The Palm Beach Post
By Hap Erstein   |  Theater  |  October 23, 2009

Encountering it today, Henrik Ibsen’s A Doll’s House seems more like a time capsule glimpse at a far-off era — both theatrically and sociologically — than a story that speaks directly to a contemporary audience.

While its view of women and the marriage dynamic is likely to seem quaint, if not antiquated, Palm Beach Dramaworks demonstrates that the play is still plenty stageworthy.

True, housewife Nora Helmer’s dilemma and eventual door-slamming escape no longer causes the shock and outrage they did to 1879 Norwegian theatergoers. But the domestic drama, and melodrama, still lands with intensity, particularly in the new translation by Frank McGuiness (Someone Who’ll Watch Over Me).

The play takes place at Christmastime, and our first view of Nora is her fluttery return from gift shopping, an indulgence that her newly promoted bank manager husband, Torvald, insists they can ill-afford. He acts parentally toward her, scolding her about everything from her dealings with money to her weakness for macaroons. In response, she acts like a child, what a marriage counselor these days would deem enabling his male chauvinism.

As we soon learn, she finds herself in a serious bind. Having forged her father’s signature on a loan, she is now being blackmailed by a dour bank employee named Krogstad who is trying to save his job. The extortion plot preys on Nora for most of the evening, until she has a Gloria Steinem “Click!” moment and realizes that the more important issue is how her husband has treated her like a china doll throughout their eight years of marriage.

A Doll’s House has a cast of seven, but the play belongs to Nora, one of Ibsen’s great female roles. Margery Lowe comes on strong in the second act. Following the character’s unseen realization during intermission, she is at her best in her assertive run-up to the most famous exit of early modern drama. In the first act, however, her chirpy cadences, wind-up doll movements and perpetual giggles seem to justify the way Torvald relates to her.

As Torvald, Michael St. Pierre is aptly stiff and stolid. It surely is not his fault that the character’s unsubtle rebukes of Nora elicit laughter from the Dramaworks audience. Gregg Weiner (Krogstad) seems initially to be a two-dimensional villain, but he is nicely humanized in his second act scene with Nanique Gheridian as Nora’s childhood chum, Mrs. Linde.

The dependable Michael Amico delivers again with his design for the formal, austere living room of the Helmer home. More impressive are Brian O’Keefe’s costumes, particularly Nora’s going-shopping dress and her gypsy party frock.
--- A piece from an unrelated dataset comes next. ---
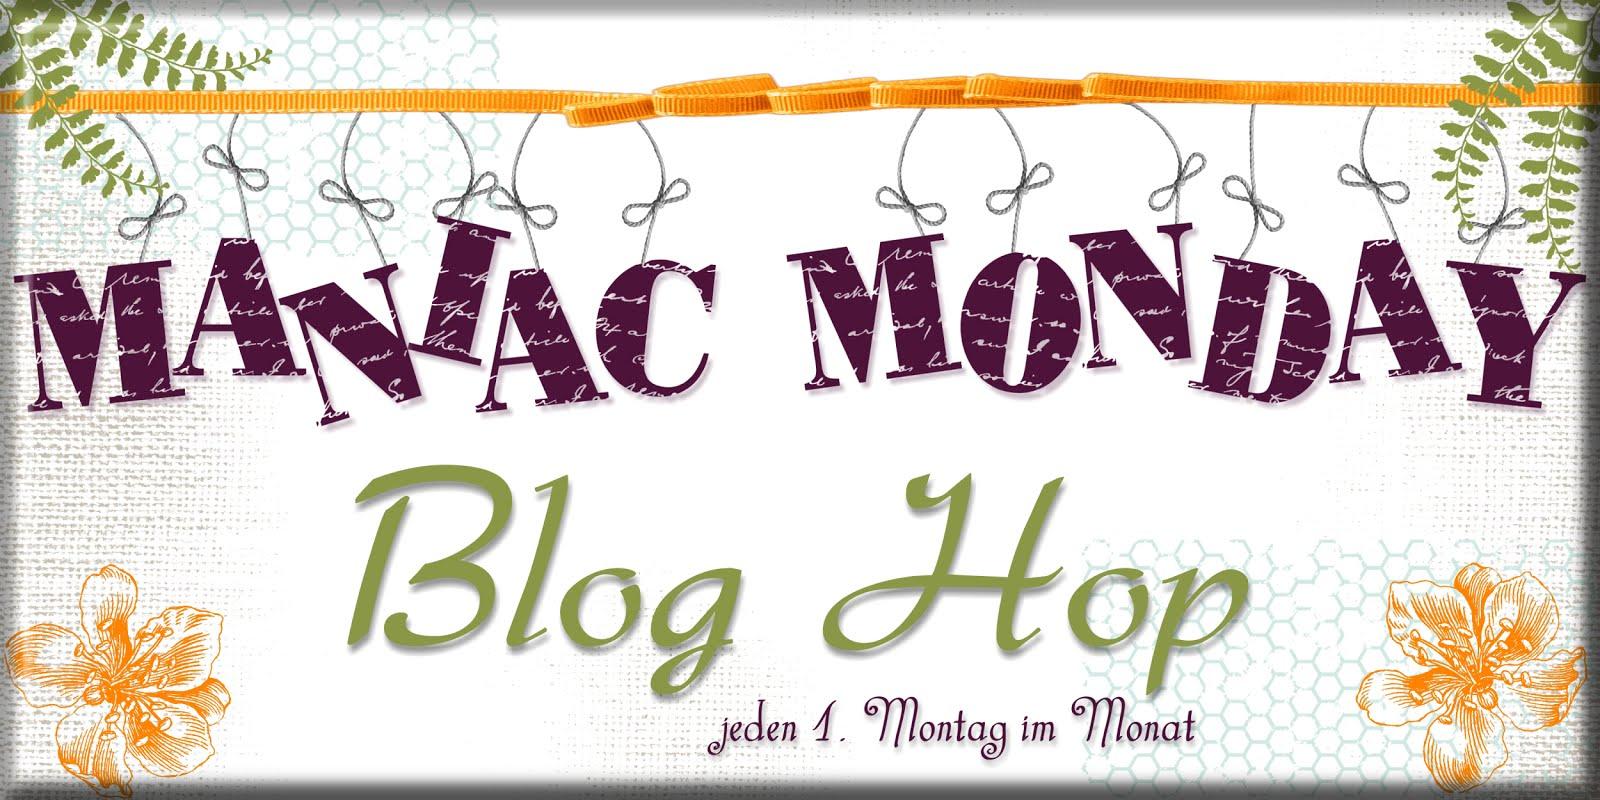 Neuer Bloghop an jedem 1. Montag

William Hayes’ direction is respectful of the period, even if a more post-modern take might have addressed some of the play’s cobwebs.

A Doll’s House fits Dramaworks’ mission of investigating the classics, but sometimes changes in audience viewpoints need to be taken into consideration.

T H E A T E R R E V I E W

A Doll’s House

B

Where: Palm Beach Dramaworks, 322 Banyan Blvd., West Palm Beach

When: Through Nov. 29.


Tickets:
$44, $42. Call: (561) 514-4042 .

The verdict: Ibsen’s pre-feminism classic is showing its age, but retains enough dramatic spark.